### [GIVEN DATA]
BEGIN
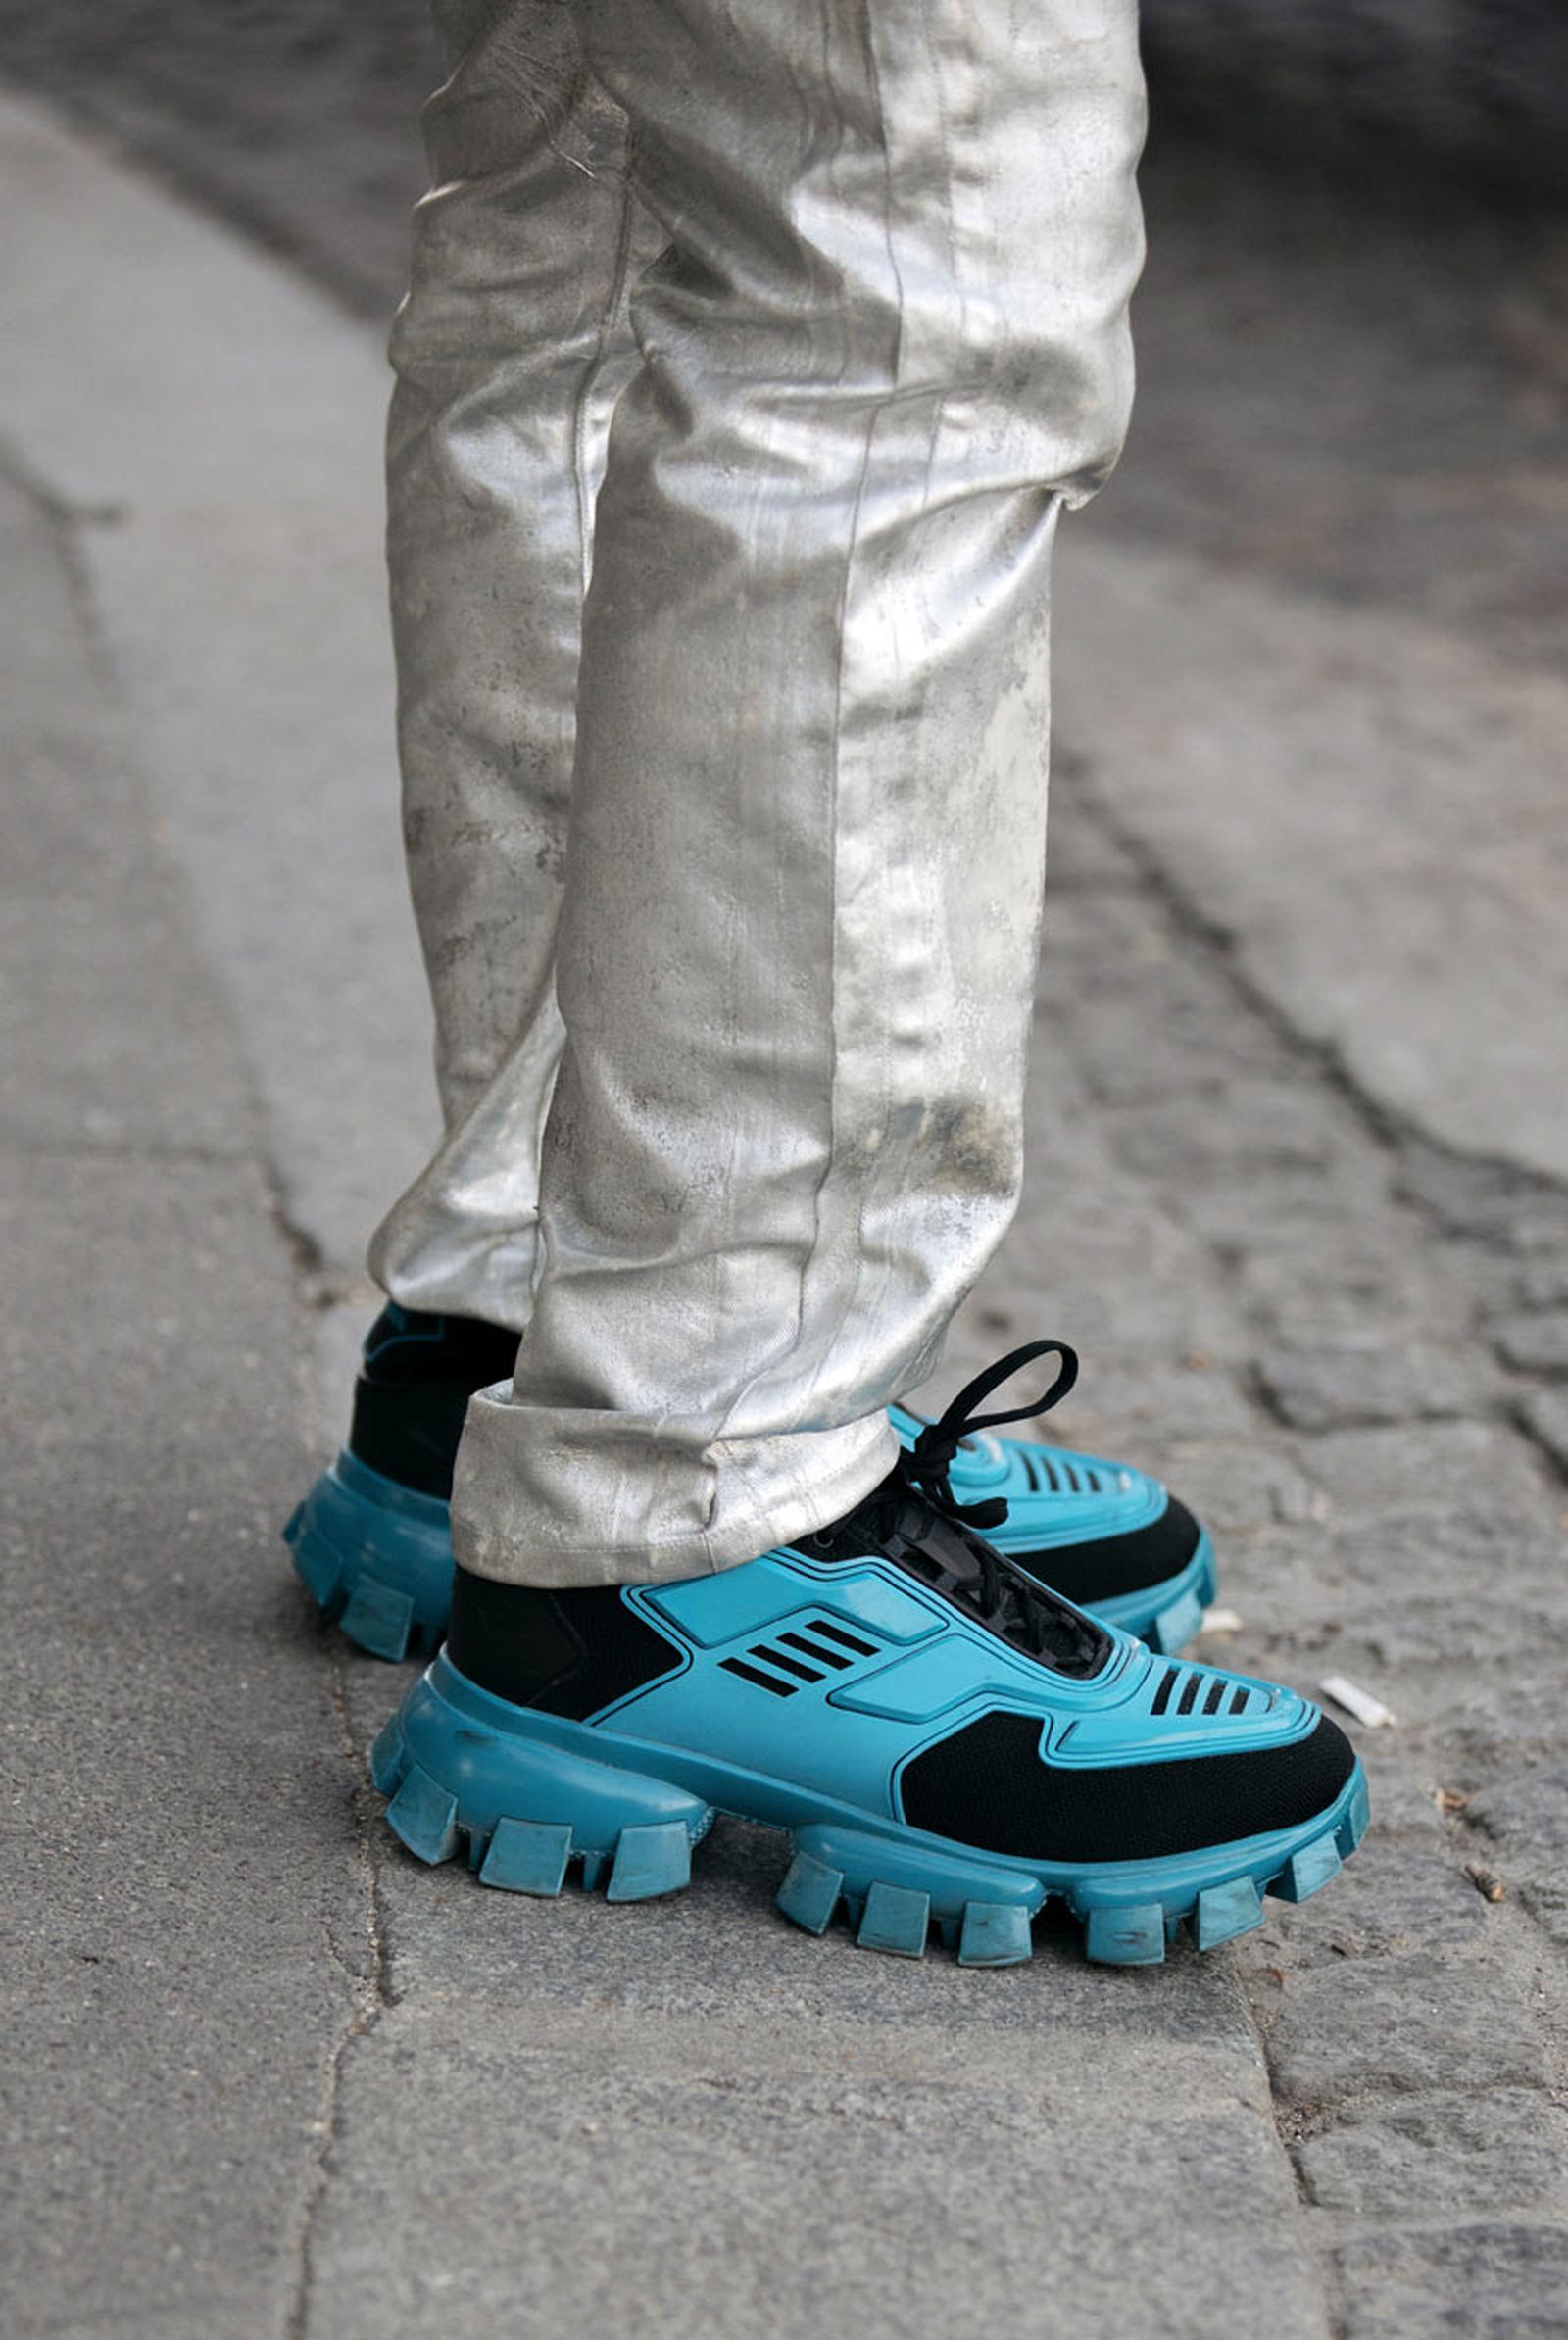 paris fashion week ss20 sneakers 04 Nike comme des garcons li ning
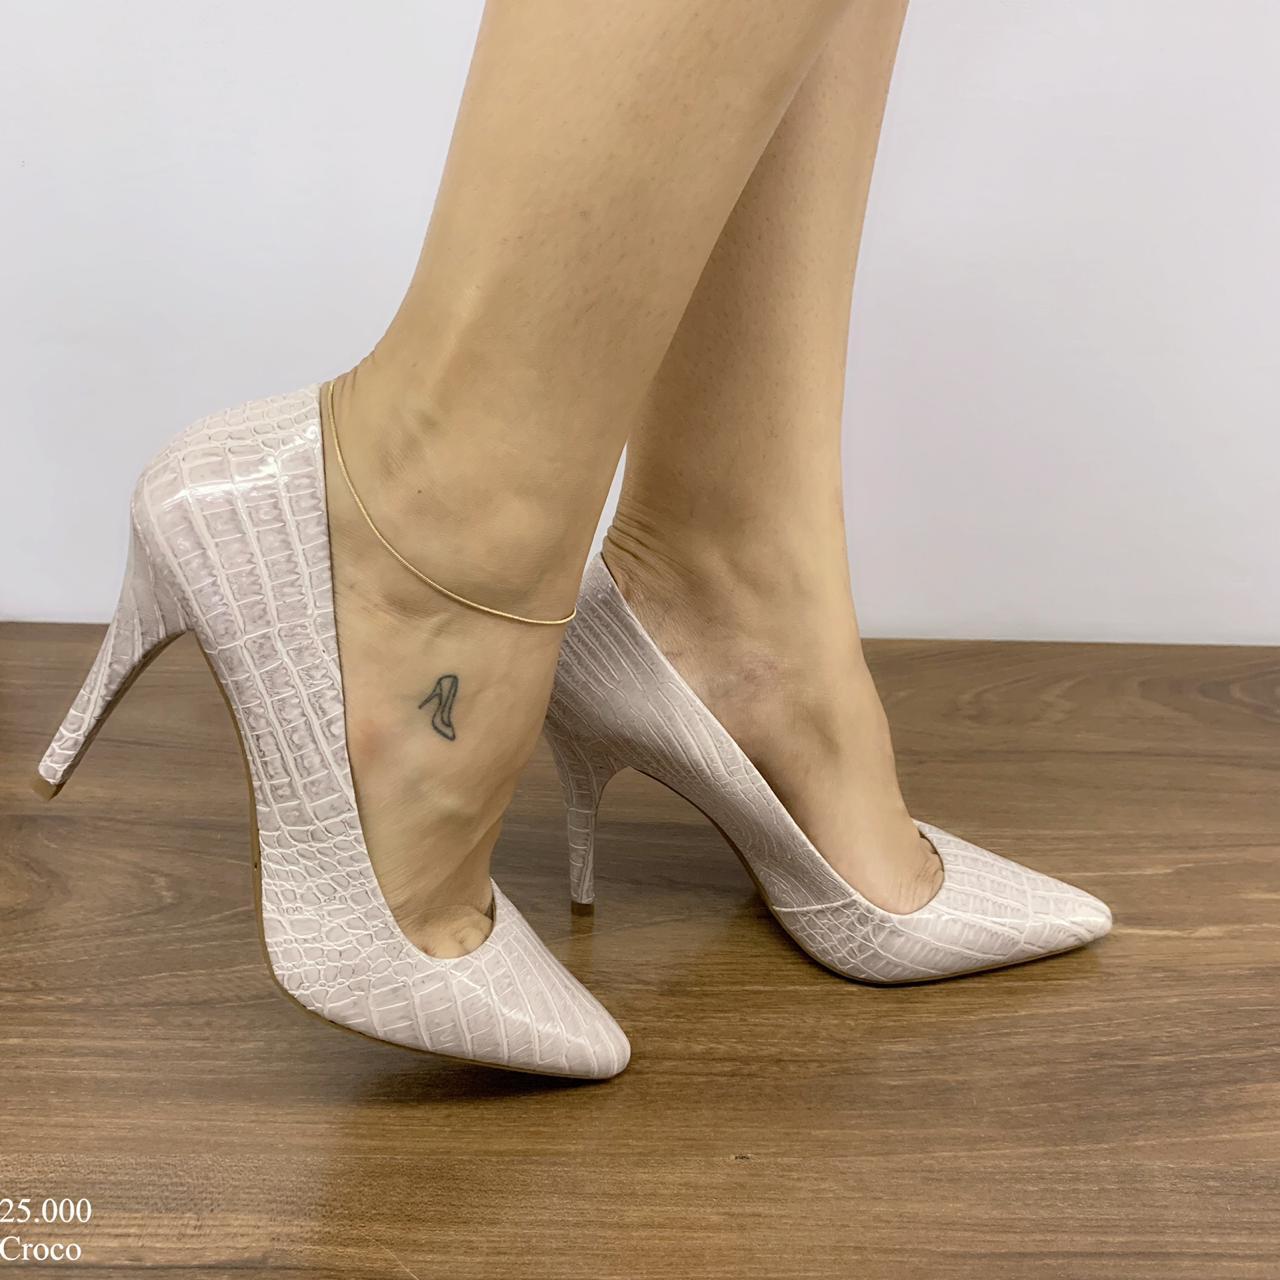 Scarpin Feminino Creme Croco | D- 25.000-01
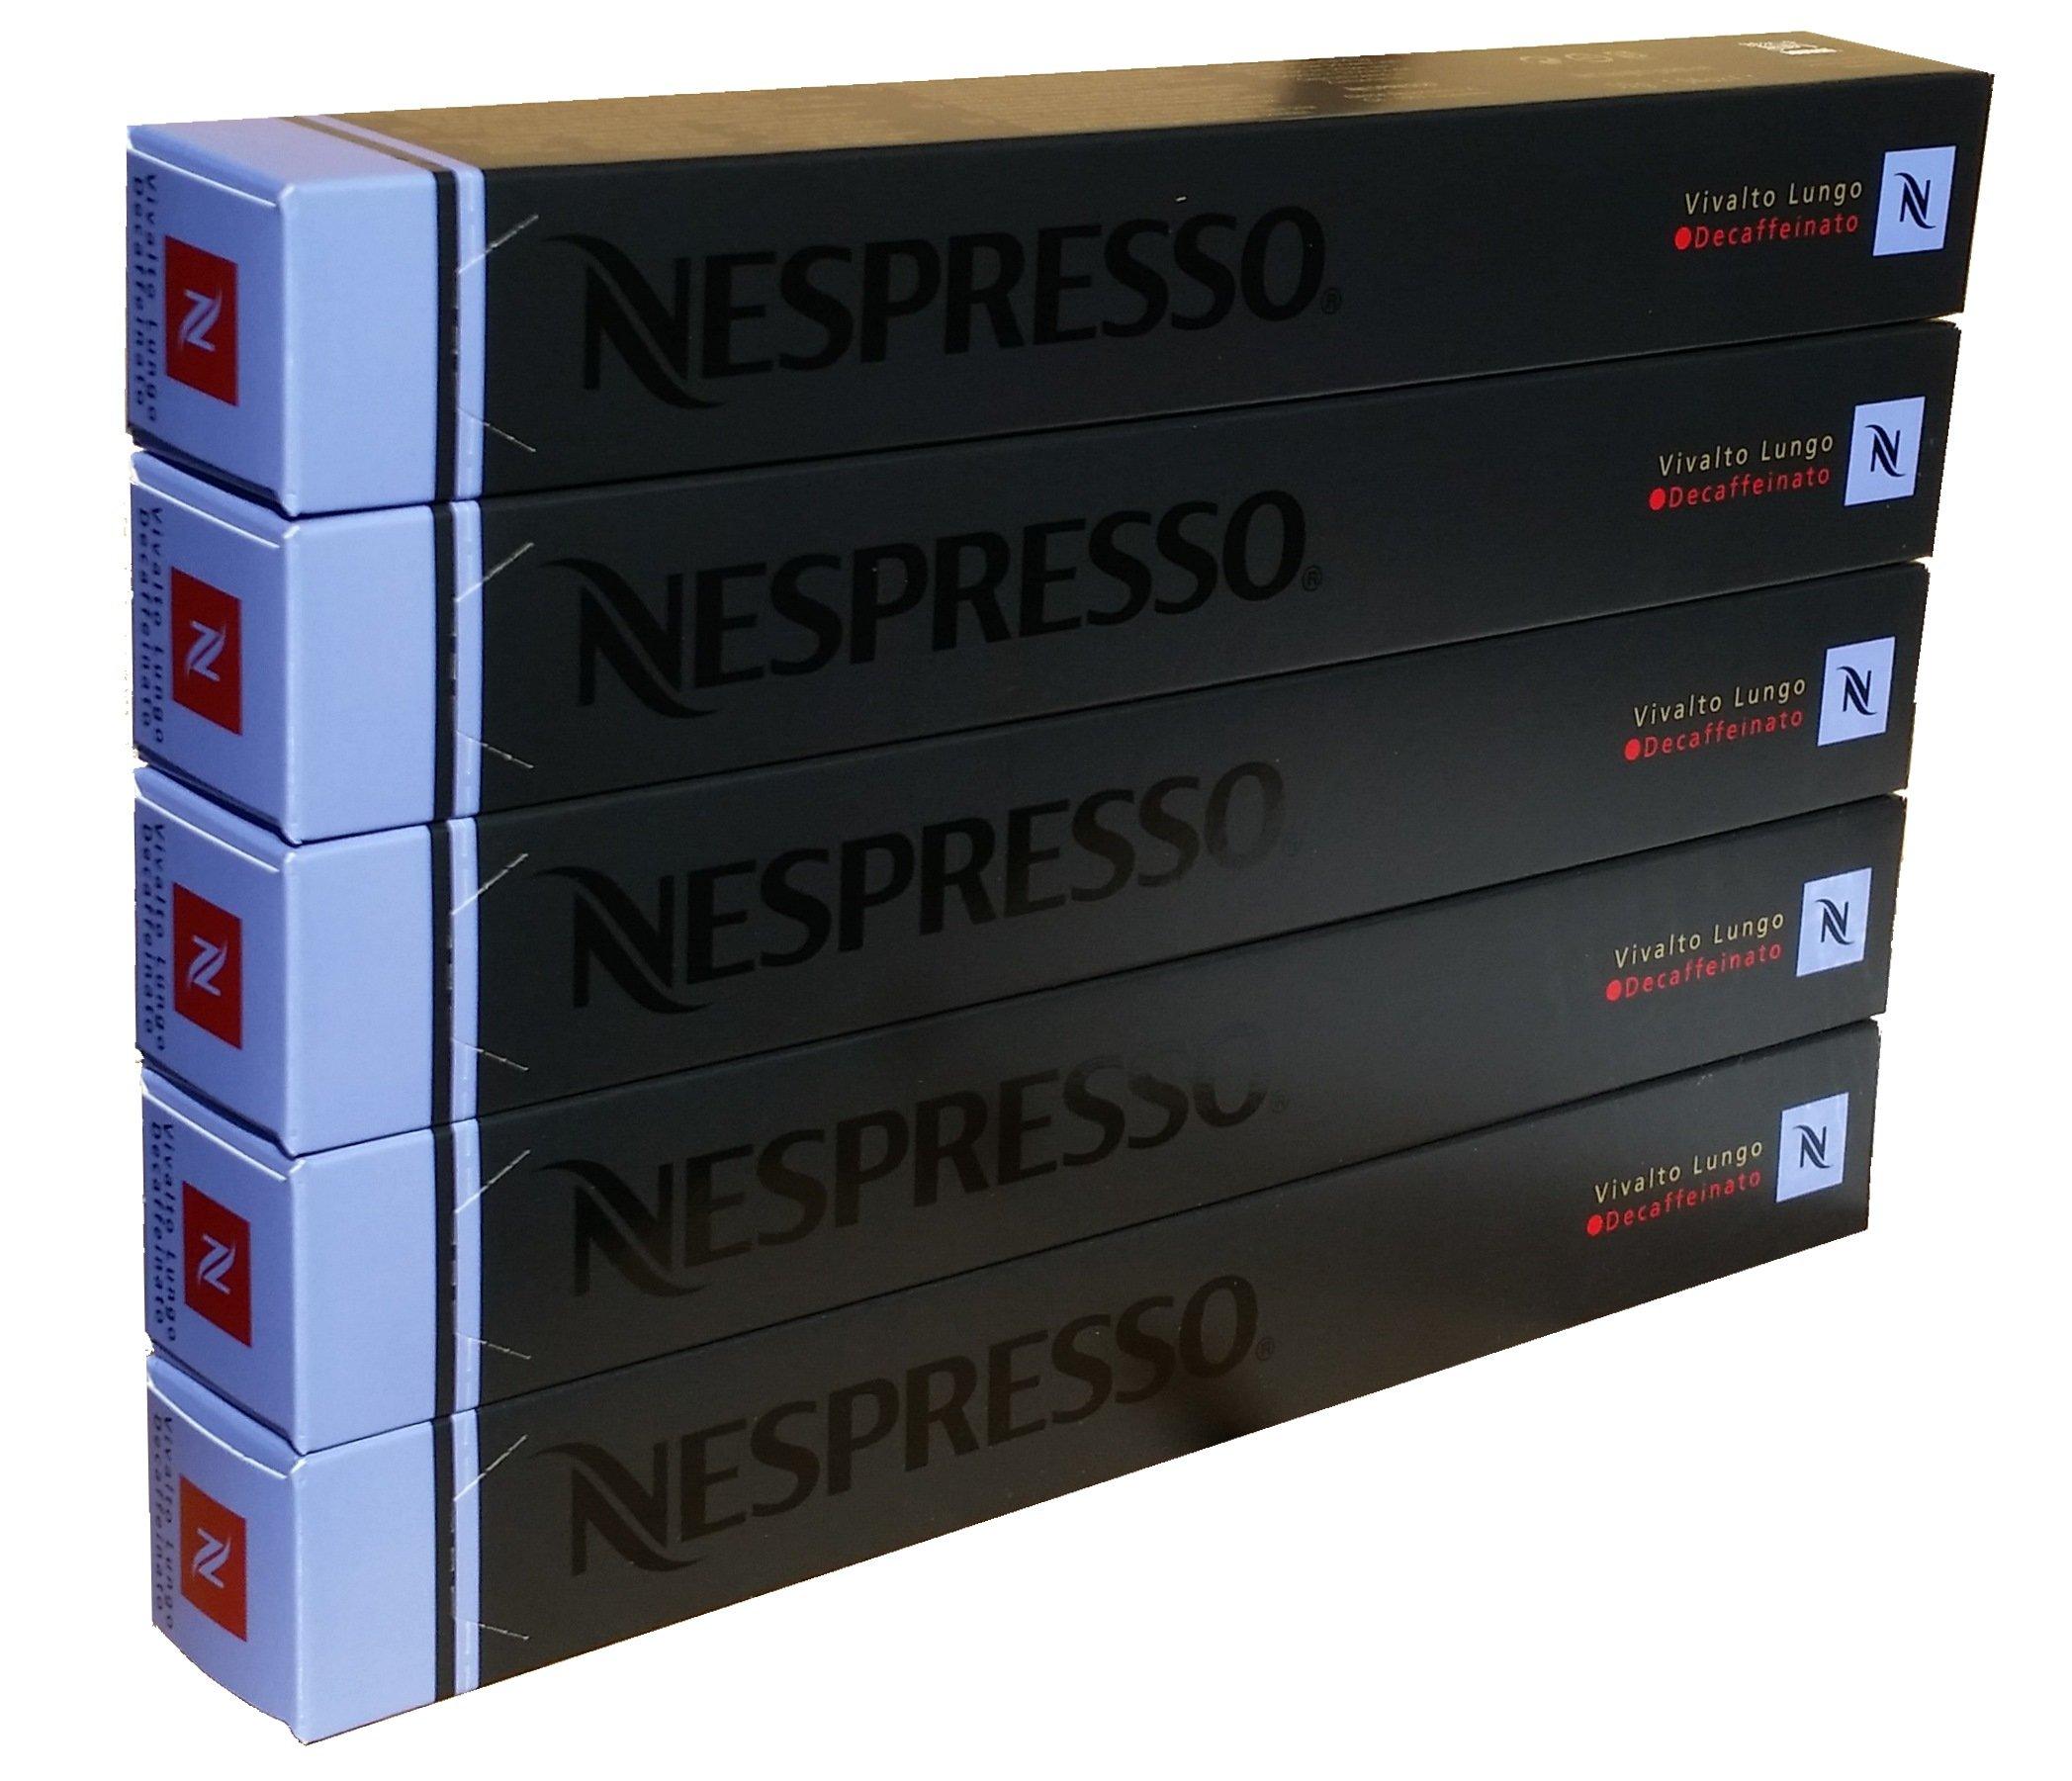 Nespresso OriginalLine - Vivalto Lungo Decaffeinato, 50 Capsules, 5 Sleeves - New Decaf variety - ''NOT compatible with Vertuoline''
END
### [WHAT IS NEEDED]
Return all the material exactly, skipping pictures.

### [SOLUTION TO THIS EXERCISE]
 paris fashion week ss20 sneakers 04 Nike comme des garcons li ning
 Scarpin Feminino Creme Croco | D- 25.000-01
 Nespresso OriginalLine - Vivalto Lungo Decaffeinato, 50 Capsules, 5 Sleeves - New Decaf variety - ''NOT compatible with Vertuoline''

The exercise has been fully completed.